The Long Red Scare: Anarchism, Antiradicalism, and Ideological Exclusion in the Progressive Era

Quinn, Adam 01 January 2016 (has links)
From 1919 to 1920 the United States carried out a massive campaign against radicals, arresting and deporting thousands of radical immigrants in a matter of months, raiding and shutting down anarchist printing shops, and preventing anarchists from sending both periodicals and personal communications through the mail. This period is widely known as the First Red Scare, and is framed as a reaction to recent anarchist terrorism, syndicalist unionizing, and the Bolshevik Revolution. Though the 1919-20 First Red Scare was certainly unprecedented in its scope, it was made possible through a longer campaign against radicals, throughout which the US government constructed legal, ideological, and institutional apparatuses to combat radicalism and terrorism. This project explores the longer conflict between the US government and anarchists, focusing on the period between 1900 and 1920. It argues that the government sought to suppress radicalism not just due to anarchist terrorism or class antagonism, but also due to a broader ideology of antiradicalism that framed anarchist counterculture and connected ideas like free love and internationalism as a threat to the nation-state and to traditional American values.
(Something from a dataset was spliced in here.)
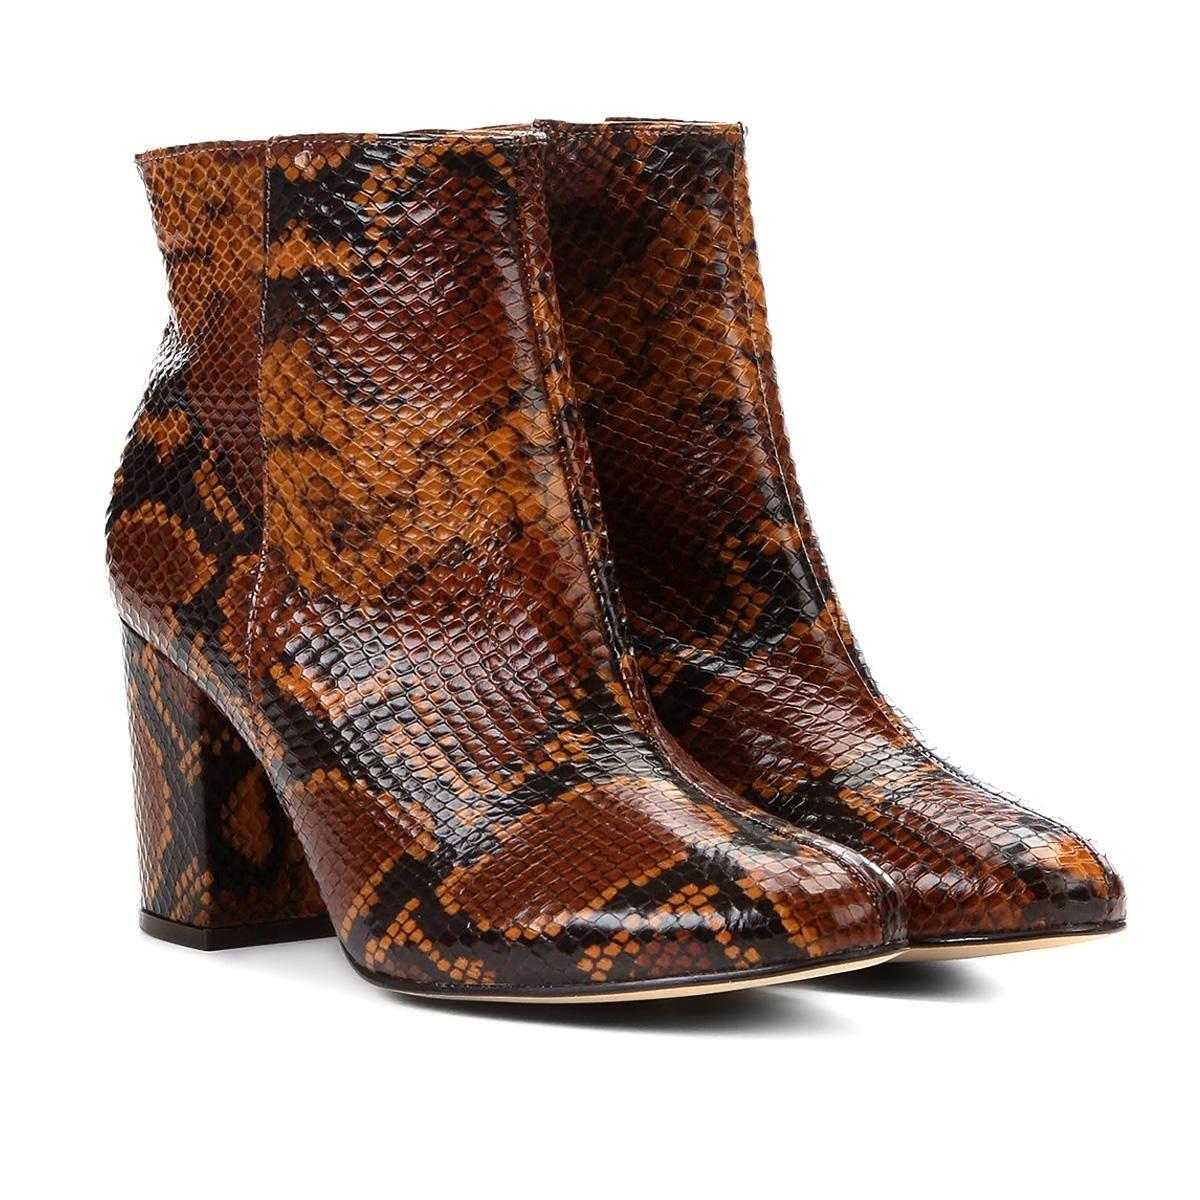 d27593808b Bota Couro Cano Curto Shoestock Snake Feminina - R$ 399,90 em ...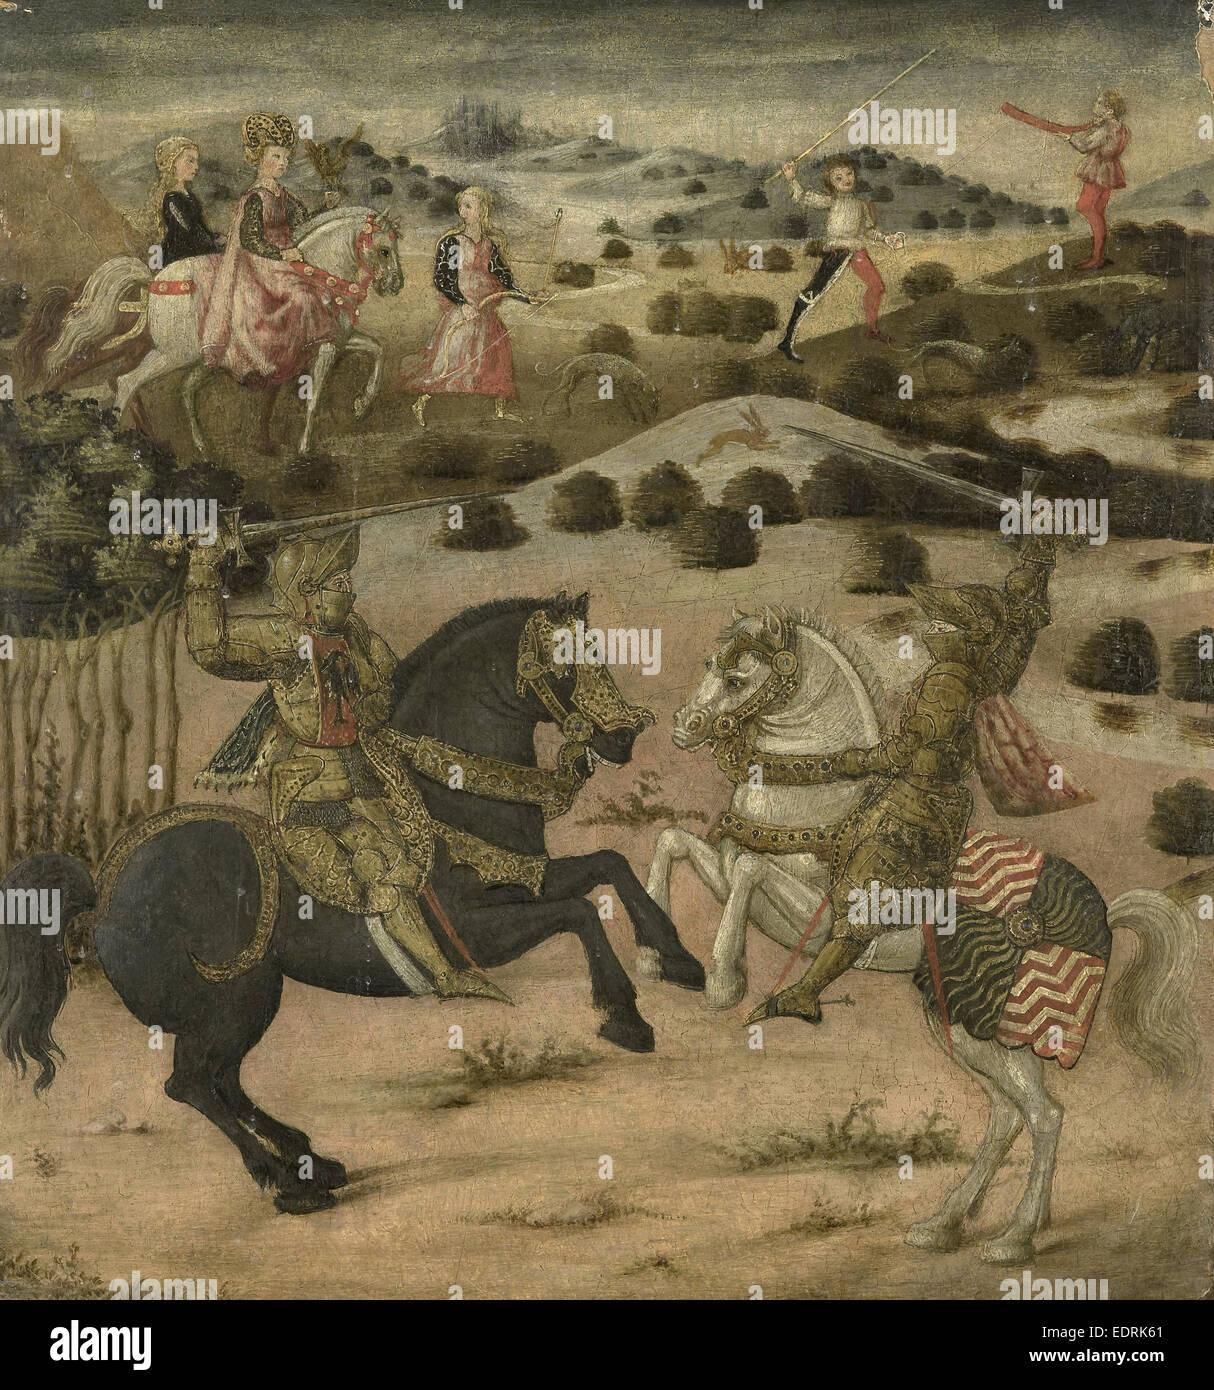 La leggenda di un cavaliere (pannello di estremità di un cassone), anonimo, 1450 - 1474 Immagini Stock

In trying to suppress radical counterculture years before the First Red Scare, the US government built its capacity for federal policing. And, by tying the battle against anarchist terrorism to a broader project of suppressing any idea considered to be radical or nontraditional, the US government controlled the kinds of ideas and people allowed within American borders through force, demarcating political limits to American nationality and citizenship.